Kerry told Burns he had “deep reservations” about an all-volunteer military.

“I think that there should be shared responsibility among all Americans,” he said. “I think that’s one of the best ways that you don’t have wars.”

Though he stopped short of endorsing a draft, he expressed support for some form of national service.

“I think every American ought to find a way to serve somehow,” he said. “It doesn’t have to be in the military. There are plenty of things to do.
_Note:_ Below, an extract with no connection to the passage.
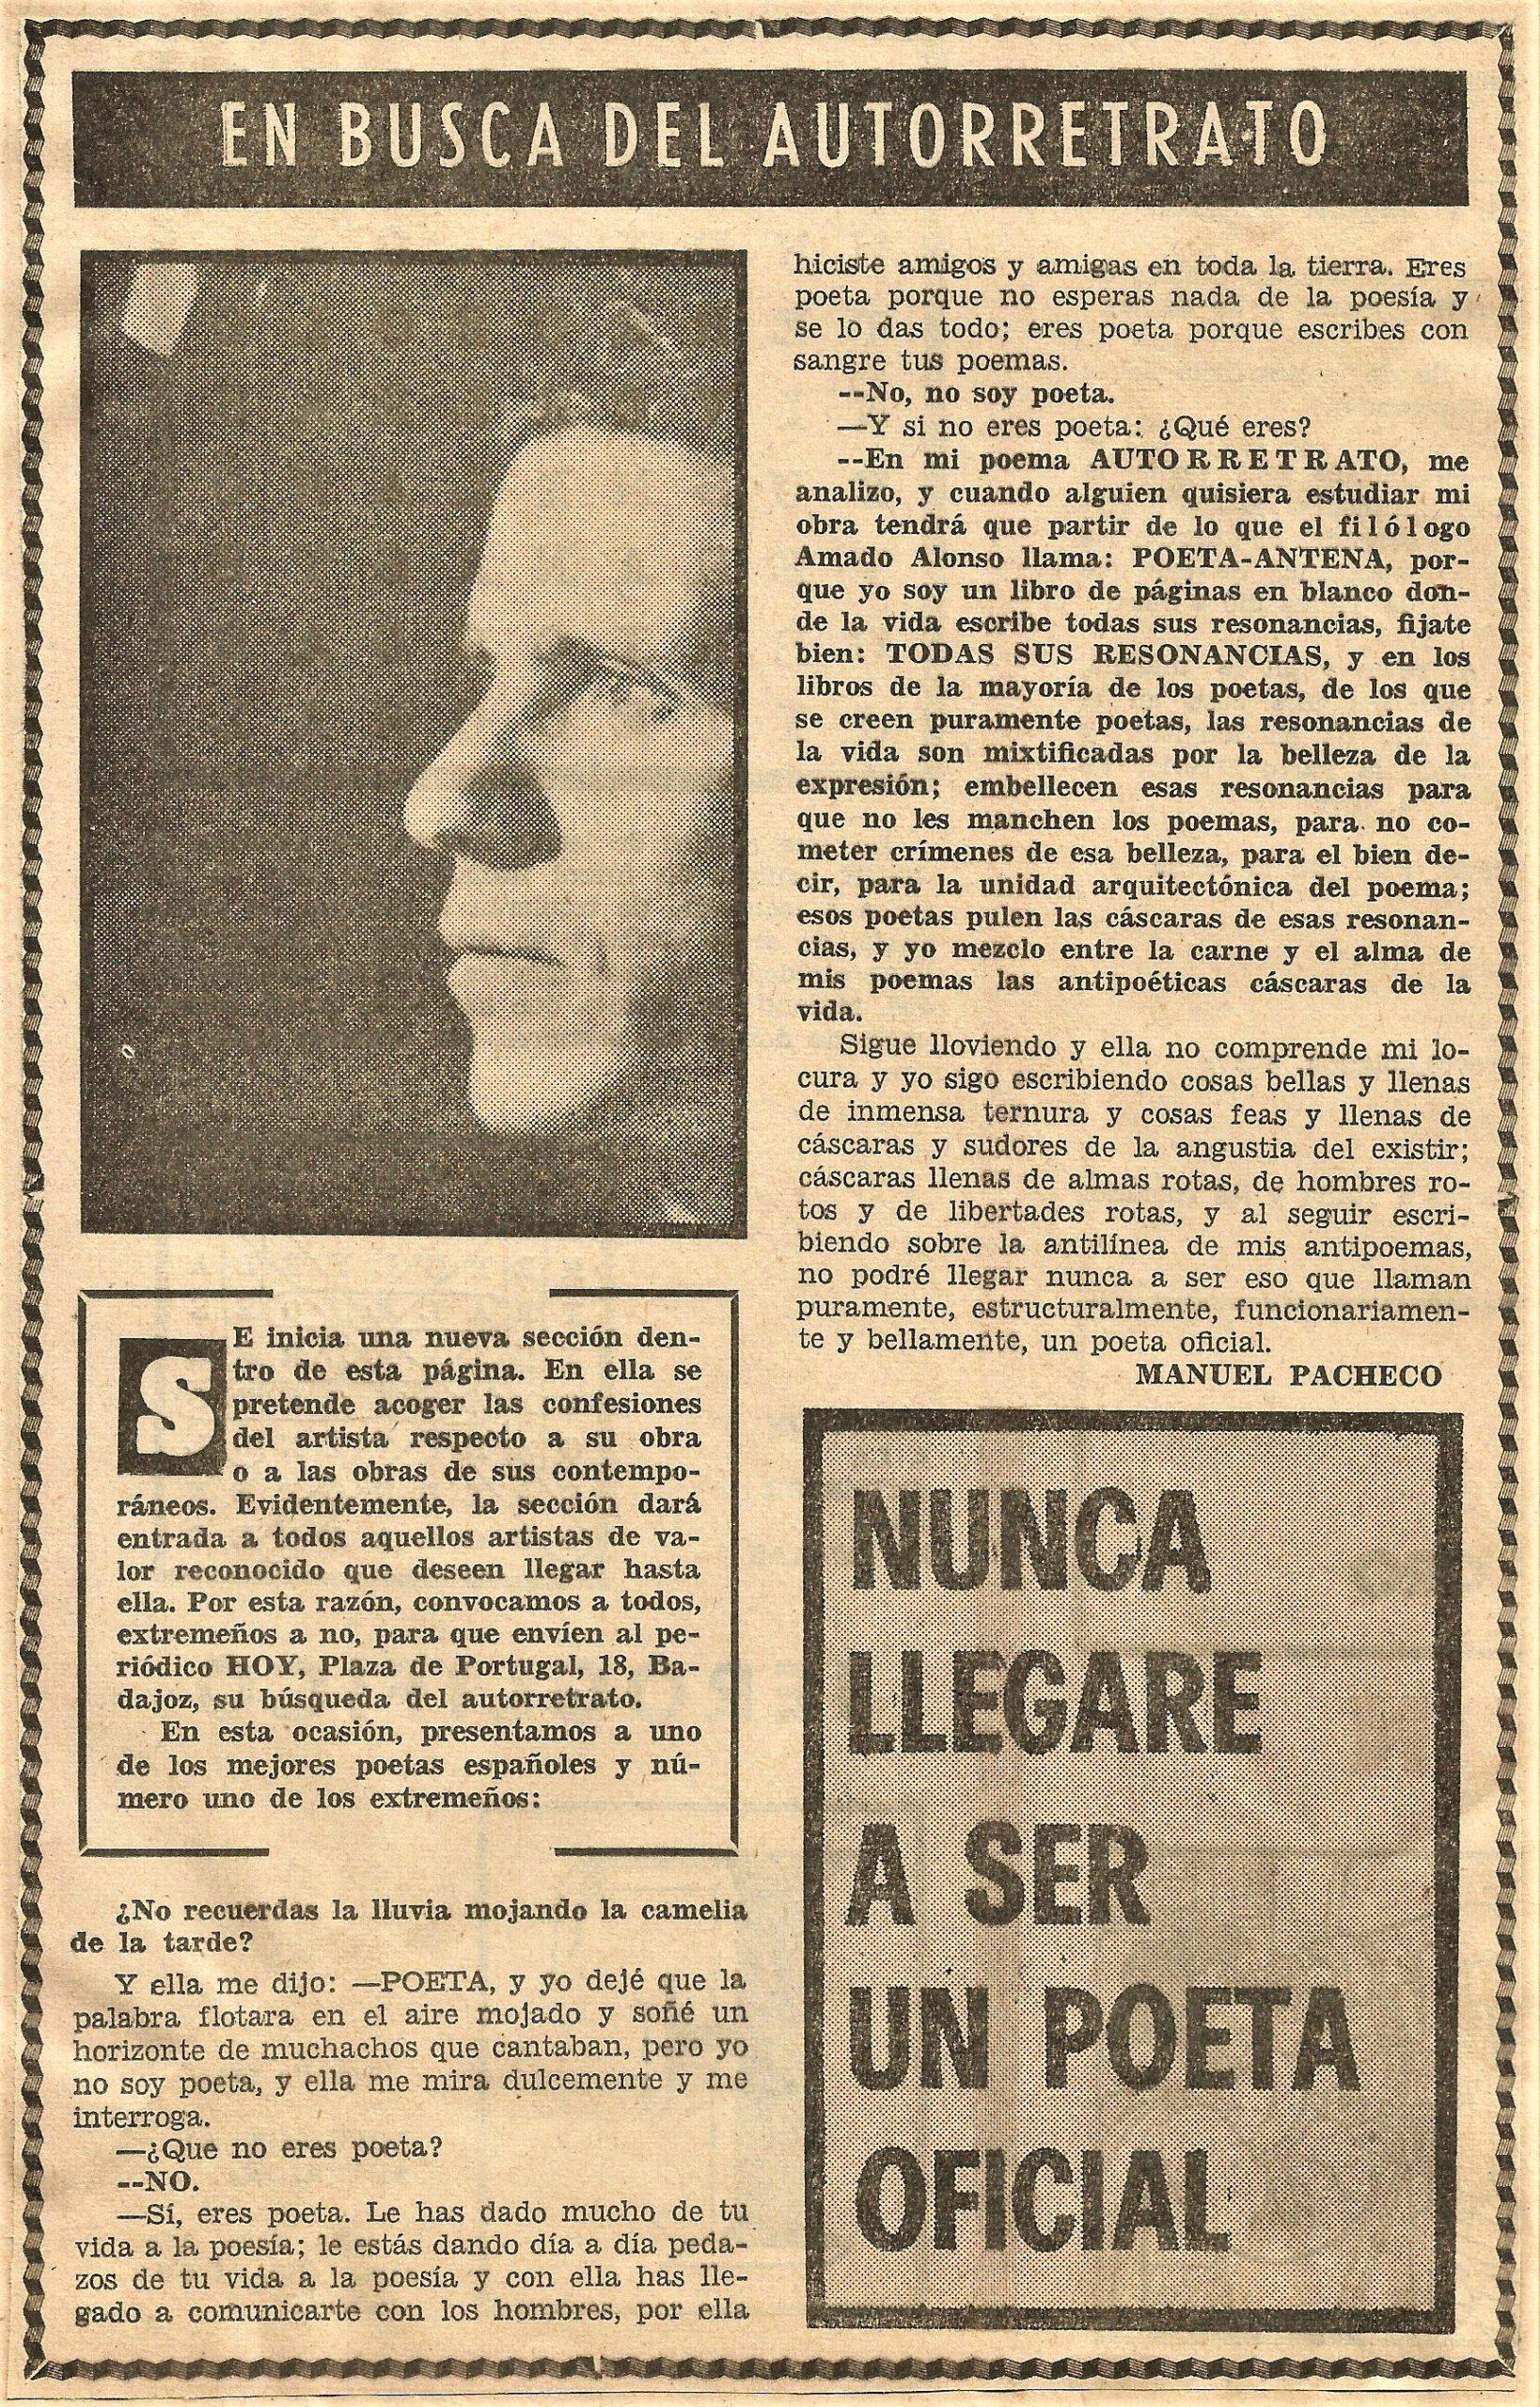 Autorretrato de Pacheco publicado en la secciòn de Artes y Letras del diario Hoy (7 de noviembre de 1971)

But I rather like still the idea that everybody ought to give back something.”

Kerry repeated a theme he has frequently mentioned, rooted in his war experience “If you are gonna ask young men and women to go and put their lives on the line, and if not die suffer perhaps grievous injury and live with whatever kind of injury for the rest of their lives, you’d better make damn sure you tried everything possible that is legitimate to first exercise diplomacy and make war the last resort.”

But Kerry said he is not a pacifist, citing the military campaign against the Islamic State in Syria and Iraq.

“We’re living in a period where we have to call on people to go into harm’s way, particularly against Daesh, some other people who threaten us and with whom there is nothing to negotiate,” he said, using the Arabic acronym for the group.

Kerry said he was one of the lucky ones, who returned from Vietnam whole. “I am now in a position of responsibility, to live my beliefs, to live my lessons,” he said.

As Kerry left the stage, a loudspeaker played the ’60s anti-war anthem by Peter, Paul and Mary, “Blowin’ in the Wind.”